Clean, structured, and ready-to-use datasets related to Year, State and Gender wise Deaths and Injuries due to Stampede Incidents can be downloaded from Dataful.

 Key Insights

Annual Trend of Stampede Incidents (2017–2023)
Between 2017 and 2023, India recorded 121 stampede cases, resulting in 160 deaths and at least 29 injuries.

  • The deadliest year in this period was 2017 (49 deaths in 26 incidents), while 2018 saw the lowest toll (6 deaths across 5 incidents).
  • The most recent year, 2023, recorded 32 deaths in 29 cases, showing that incidents remain frequent and deadly despite past tragedies.

A striking anomaly appears in 2017, 2020, and 2023, where high fatalities were recorded but injuries were zero or near-zero. For example, 49 people died in 2017, yet no injuries were reported. Such patterns strongly suggest underreporting or misclassification of non-fatal cases, as it is improbable for stampedes to cause deaths without leaving survivors injured.
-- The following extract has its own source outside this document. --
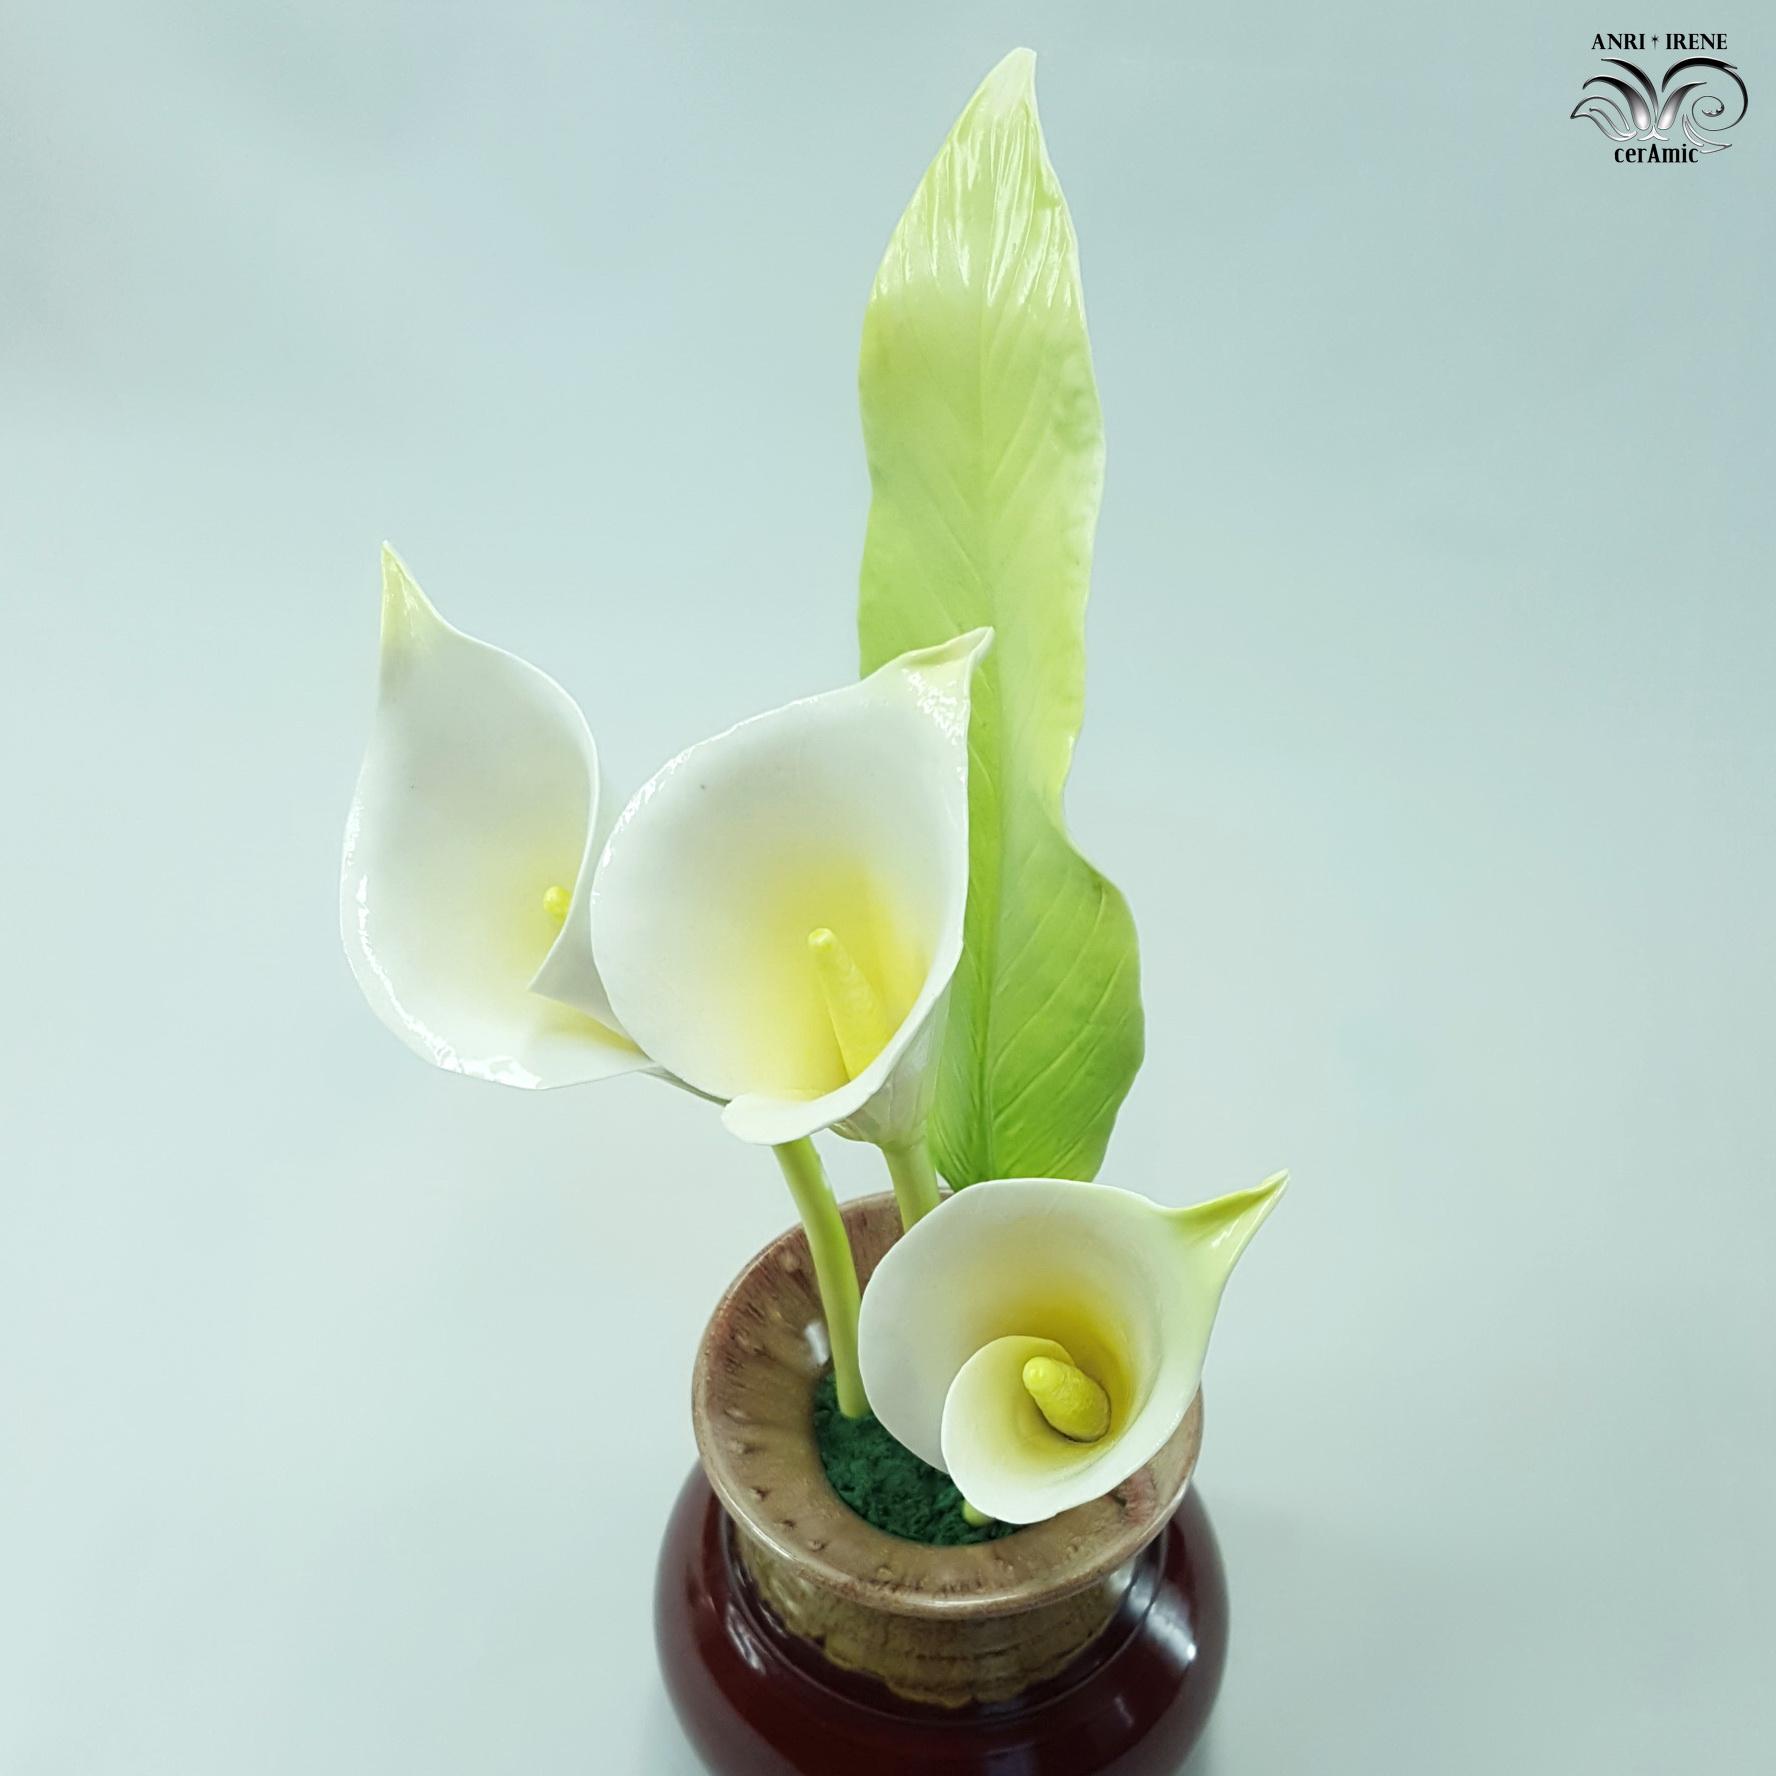 Porcelain lily calla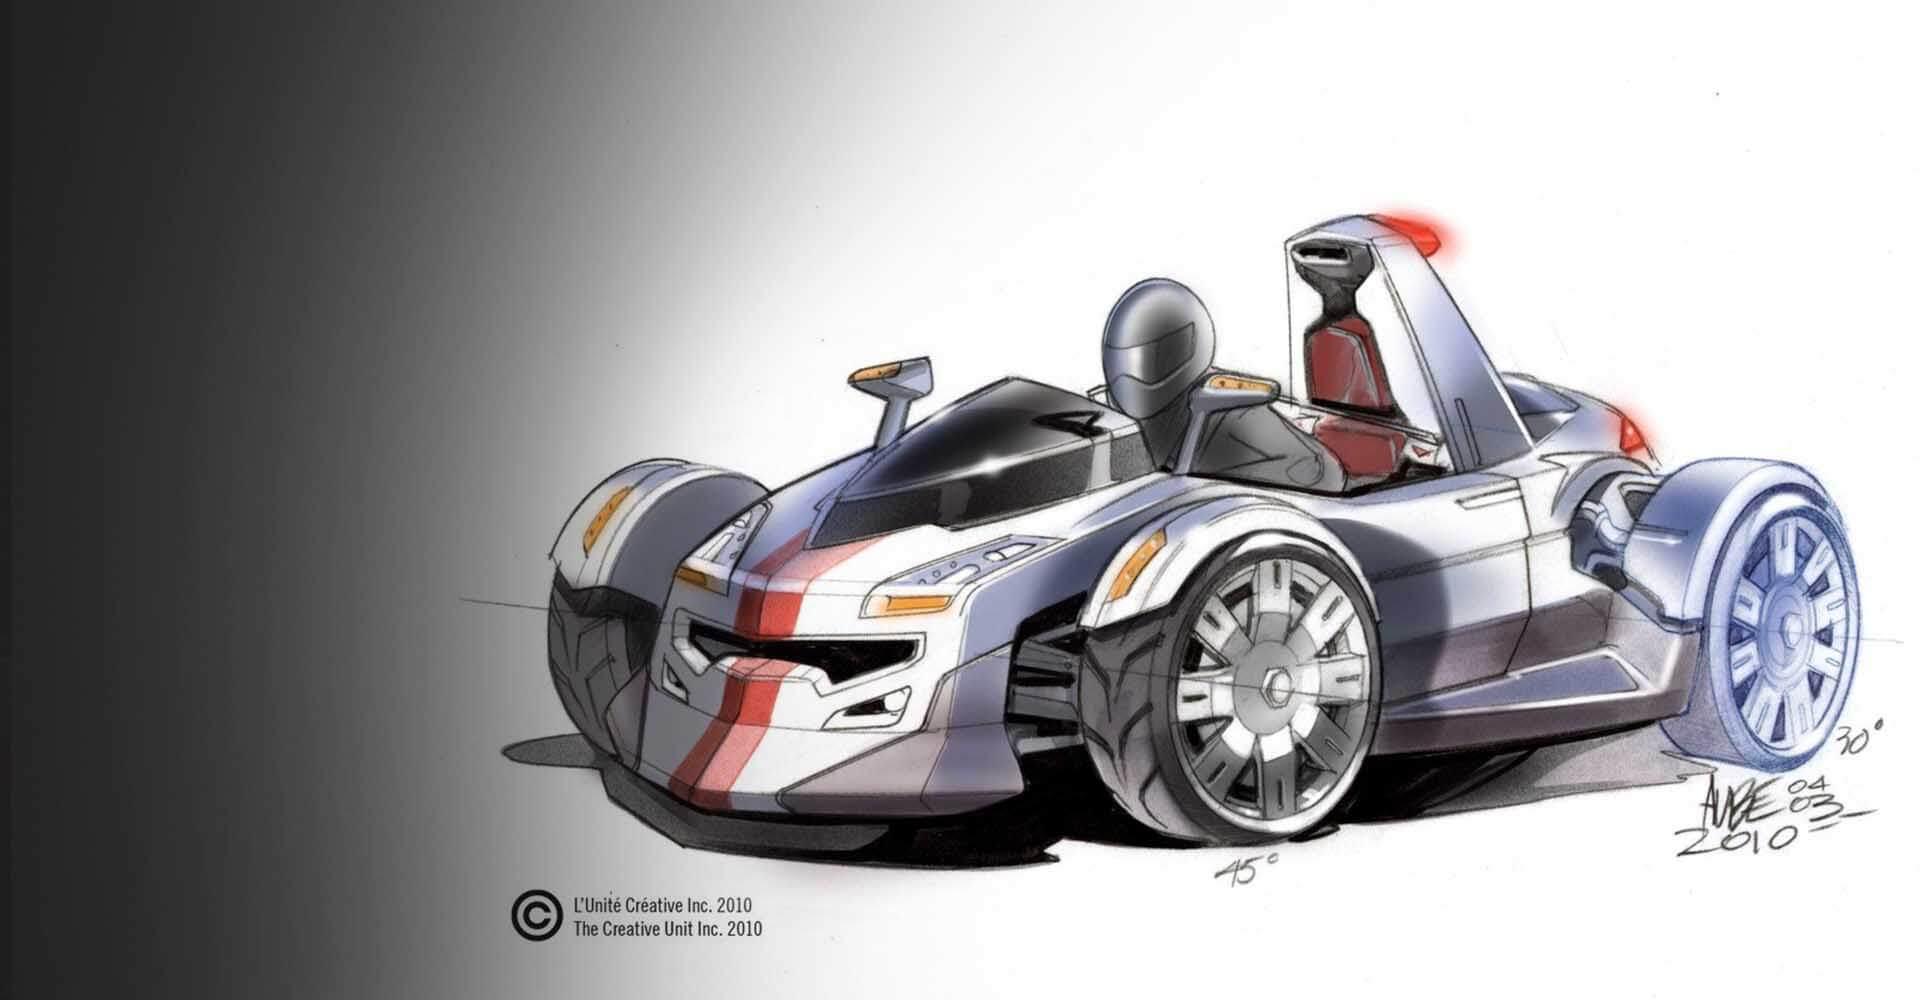 Sketch Motomobile 2010

Understanding How Deadly Each Incident Is
Looking beyond raw numbers, fatality and injury ratios reveal how deadly each incident is on average.

  • Fatality Ratio = Deaths ÷ Number of cases
     (Shows average deaths per incident)
  • Injury Ratio = Injuries ÷ Number of cases
    (Shows average injuries per incident)

Between 2017 and 2023, the data shows striking patterns:

  • Several years (2017, 2020, 2021, 2023) show fatality ratios around or above 1, but almost no injuries were recorded, indicating incomplete documentation of non-fatal cases.
  • On 1 January 2022, a major stampede at the Mata Vaishno Devi shrine in Jammu and Kashmir resulted in 12 deaths and 16 injuries. That year recorded a fatality ratio of 3.67 and an injury ratio of 2.67, reflecting the severity and chaotic impact of large-scale crowd gatherings.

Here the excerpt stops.